### TASK DIRECTIONS
For this exercise, reproduce the entries below exactly, but only from the line containing "Free Printable Elsa" through the line containing "Old Ordnance Survey", both included.
[[ ENTRIES SHOWN, beginning ]]
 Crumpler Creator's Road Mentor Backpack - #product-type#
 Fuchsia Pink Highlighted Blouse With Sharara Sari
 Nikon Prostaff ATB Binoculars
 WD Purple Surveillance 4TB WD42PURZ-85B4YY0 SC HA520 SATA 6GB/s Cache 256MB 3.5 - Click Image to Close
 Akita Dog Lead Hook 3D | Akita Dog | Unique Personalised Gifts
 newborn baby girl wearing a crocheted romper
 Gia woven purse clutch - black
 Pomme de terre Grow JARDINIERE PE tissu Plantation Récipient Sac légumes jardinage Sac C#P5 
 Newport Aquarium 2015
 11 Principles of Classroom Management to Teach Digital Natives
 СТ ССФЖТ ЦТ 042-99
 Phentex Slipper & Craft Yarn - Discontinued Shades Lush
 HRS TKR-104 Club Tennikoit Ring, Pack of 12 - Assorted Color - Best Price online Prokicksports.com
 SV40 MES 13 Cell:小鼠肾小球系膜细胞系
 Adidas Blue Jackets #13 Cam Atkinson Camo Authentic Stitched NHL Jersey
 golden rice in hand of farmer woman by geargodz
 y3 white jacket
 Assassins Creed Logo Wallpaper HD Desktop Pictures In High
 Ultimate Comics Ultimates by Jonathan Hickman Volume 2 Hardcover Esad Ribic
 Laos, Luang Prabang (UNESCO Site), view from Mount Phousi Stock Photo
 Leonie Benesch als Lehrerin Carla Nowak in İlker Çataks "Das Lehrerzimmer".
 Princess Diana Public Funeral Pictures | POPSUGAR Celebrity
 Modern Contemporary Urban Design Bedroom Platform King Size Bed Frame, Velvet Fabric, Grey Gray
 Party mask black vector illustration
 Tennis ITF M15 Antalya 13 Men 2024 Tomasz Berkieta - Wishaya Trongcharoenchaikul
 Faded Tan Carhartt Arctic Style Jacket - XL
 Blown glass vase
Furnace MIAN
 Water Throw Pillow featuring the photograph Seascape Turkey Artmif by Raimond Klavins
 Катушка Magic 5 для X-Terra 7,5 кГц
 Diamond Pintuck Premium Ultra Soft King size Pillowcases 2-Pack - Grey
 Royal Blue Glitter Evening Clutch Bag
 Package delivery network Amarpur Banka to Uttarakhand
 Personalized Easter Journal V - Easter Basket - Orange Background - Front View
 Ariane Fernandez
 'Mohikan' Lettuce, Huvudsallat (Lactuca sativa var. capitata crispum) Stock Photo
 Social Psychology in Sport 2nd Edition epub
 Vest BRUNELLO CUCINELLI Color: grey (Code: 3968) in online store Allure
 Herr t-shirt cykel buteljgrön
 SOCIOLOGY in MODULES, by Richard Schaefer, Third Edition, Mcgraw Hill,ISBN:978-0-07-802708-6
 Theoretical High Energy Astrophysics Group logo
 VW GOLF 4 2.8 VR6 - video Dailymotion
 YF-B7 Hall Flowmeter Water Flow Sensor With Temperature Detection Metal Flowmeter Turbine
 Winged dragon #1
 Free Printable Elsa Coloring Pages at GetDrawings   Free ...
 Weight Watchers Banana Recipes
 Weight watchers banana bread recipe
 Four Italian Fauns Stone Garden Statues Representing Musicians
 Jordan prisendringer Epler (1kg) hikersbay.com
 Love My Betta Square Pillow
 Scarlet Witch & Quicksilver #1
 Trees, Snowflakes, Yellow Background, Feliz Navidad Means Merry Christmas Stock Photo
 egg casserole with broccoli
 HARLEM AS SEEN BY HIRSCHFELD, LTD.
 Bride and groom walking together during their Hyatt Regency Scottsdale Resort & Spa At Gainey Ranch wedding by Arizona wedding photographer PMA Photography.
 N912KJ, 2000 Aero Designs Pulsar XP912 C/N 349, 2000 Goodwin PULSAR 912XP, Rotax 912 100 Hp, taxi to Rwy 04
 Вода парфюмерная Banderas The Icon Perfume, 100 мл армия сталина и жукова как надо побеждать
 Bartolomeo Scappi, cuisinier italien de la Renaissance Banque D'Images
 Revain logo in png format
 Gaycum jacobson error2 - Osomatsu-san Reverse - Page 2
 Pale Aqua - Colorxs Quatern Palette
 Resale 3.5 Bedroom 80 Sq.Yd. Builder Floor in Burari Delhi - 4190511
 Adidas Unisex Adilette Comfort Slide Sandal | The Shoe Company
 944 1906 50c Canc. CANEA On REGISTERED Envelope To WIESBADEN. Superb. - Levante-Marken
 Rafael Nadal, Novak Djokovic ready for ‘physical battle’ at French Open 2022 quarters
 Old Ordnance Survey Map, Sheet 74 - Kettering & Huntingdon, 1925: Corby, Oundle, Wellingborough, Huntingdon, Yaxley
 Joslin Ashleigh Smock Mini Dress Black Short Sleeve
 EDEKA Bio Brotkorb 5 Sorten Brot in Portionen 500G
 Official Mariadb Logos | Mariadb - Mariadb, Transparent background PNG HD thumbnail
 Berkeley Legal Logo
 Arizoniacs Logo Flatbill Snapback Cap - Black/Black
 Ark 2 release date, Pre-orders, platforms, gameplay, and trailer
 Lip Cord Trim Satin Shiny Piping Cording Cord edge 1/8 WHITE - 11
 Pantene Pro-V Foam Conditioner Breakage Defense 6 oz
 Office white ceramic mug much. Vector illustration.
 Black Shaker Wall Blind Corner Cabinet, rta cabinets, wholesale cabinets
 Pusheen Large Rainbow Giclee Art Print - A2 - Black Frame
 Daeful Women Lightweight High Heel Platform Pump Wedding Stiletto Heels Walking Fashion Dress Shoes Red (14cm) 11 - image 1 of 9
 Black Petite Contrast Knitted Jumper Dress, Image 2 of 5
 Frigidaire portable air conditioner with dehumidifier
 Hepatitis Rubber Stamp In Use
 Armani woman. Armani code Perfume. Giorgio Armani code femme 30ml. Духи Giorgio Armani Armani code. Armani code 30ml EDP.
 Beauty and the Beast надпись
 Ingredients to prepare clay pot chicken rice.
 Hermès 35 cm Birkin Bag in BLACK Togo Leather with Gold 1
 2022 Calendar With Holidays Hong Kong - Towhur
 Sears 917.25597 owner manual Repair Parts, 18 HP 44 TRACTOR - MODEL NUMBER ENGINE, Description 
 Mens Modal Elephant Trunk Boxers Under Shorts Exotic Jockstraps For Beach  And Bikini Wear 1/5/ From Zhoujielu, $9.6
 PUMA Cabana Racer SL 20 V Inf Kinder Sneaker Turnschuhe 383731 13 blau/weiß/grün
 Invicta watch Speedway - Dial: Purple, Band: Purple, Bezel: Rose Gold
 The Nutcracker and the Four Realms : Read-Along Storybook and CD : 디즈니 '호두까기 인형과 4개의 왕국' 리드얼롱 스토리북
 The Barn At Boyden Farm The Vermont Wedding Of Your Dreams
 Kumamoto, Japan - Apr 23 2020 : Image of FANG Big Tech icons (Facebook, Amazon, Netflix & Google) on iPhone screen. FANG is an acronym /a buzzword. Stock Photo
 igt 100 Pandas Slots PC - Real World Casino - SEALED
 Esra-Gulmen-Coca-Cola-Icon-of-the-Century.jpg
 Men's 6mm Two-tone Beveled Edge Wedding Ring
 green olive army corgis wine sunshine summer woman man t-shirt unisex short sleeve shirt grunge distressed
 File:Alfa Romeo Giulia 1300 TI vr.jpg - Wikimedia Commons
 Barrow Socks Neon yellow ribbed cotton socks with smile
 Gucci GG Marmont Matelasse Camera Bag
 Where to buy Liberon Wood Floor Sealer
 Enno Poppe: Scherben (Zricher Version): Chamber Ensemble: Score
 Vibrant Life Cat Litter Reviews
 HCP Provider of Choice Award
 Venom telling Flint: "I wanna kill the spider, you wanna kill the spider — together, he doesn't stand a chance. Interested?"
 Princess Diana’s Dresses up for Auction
[[ ENTRIES SHOWN, end ]]
### RESPONSE TO THIS TASK
 Free Printable Elsa Coloring Pages at GetDrawings   Free ...
 Weight Watchers Banana Recipes
 Weight watchers banana bread recipe
 Four Italian Fauns Stone Garden Statues Representing Musicians
 Jordan prisendringer Epler (1kg) hikersbay.com
 Love My Betta Square Pillow
 Scarlet Witch & Quicksilver #1
 Trees, Snowflakes, Yellow Background, Feliz Navidad Means Merry Christmas Stock Photo
 egg casserole with broccoli
 HARLEM AS SEEN BY HIRSCHFELD, LTD.
 Bride and groom walking together during their Hyatt Regency Scottsdale Resort & Spa At Gainey Ranch wedding by Arizona wedding photographer PMA Photography.
 N912KJ, 2000 Aero Designs Pulsar XP912 C/N 349, 2000 Goodwin PULSAR 912XP, Rotax 912 100 Hp, taxi to Rwy 04
 Вода парфюмерная Banderas The Icon Perfume, 100 мл армия сталина и жукова как надо побеждать
 Bartolomeo Scappi, cuisinier italien de la Renaissance Banque D'Images
 Revain logo in png format
 Gaycum jacobson error2 - Osomatsu-san Reverse - Page 2
 Pale Aqua - Colorxs Quatern Palette
 Resale 3.5 Bedroom 80 Sq.Yd. Builder Floor in Burari Delhi - 4190511
 Adidas Unisex Adilette Comfort Slide Sandal | The Shoe Company
 944 1906 50c Canc. CANEA On REGISTERED Envelope To WIESBADEN. Superb. - Levante-Marken
 Rafael Nadal, Novak Djokovic ready for ‘physical battle’ at French Open 2022 quarters
 Old Ordnance Survey Map, Sheet 74 - Kettering & Huntingdon, 1925: Corby, Oundle, Wellingborough, Huntingdon, Yaxley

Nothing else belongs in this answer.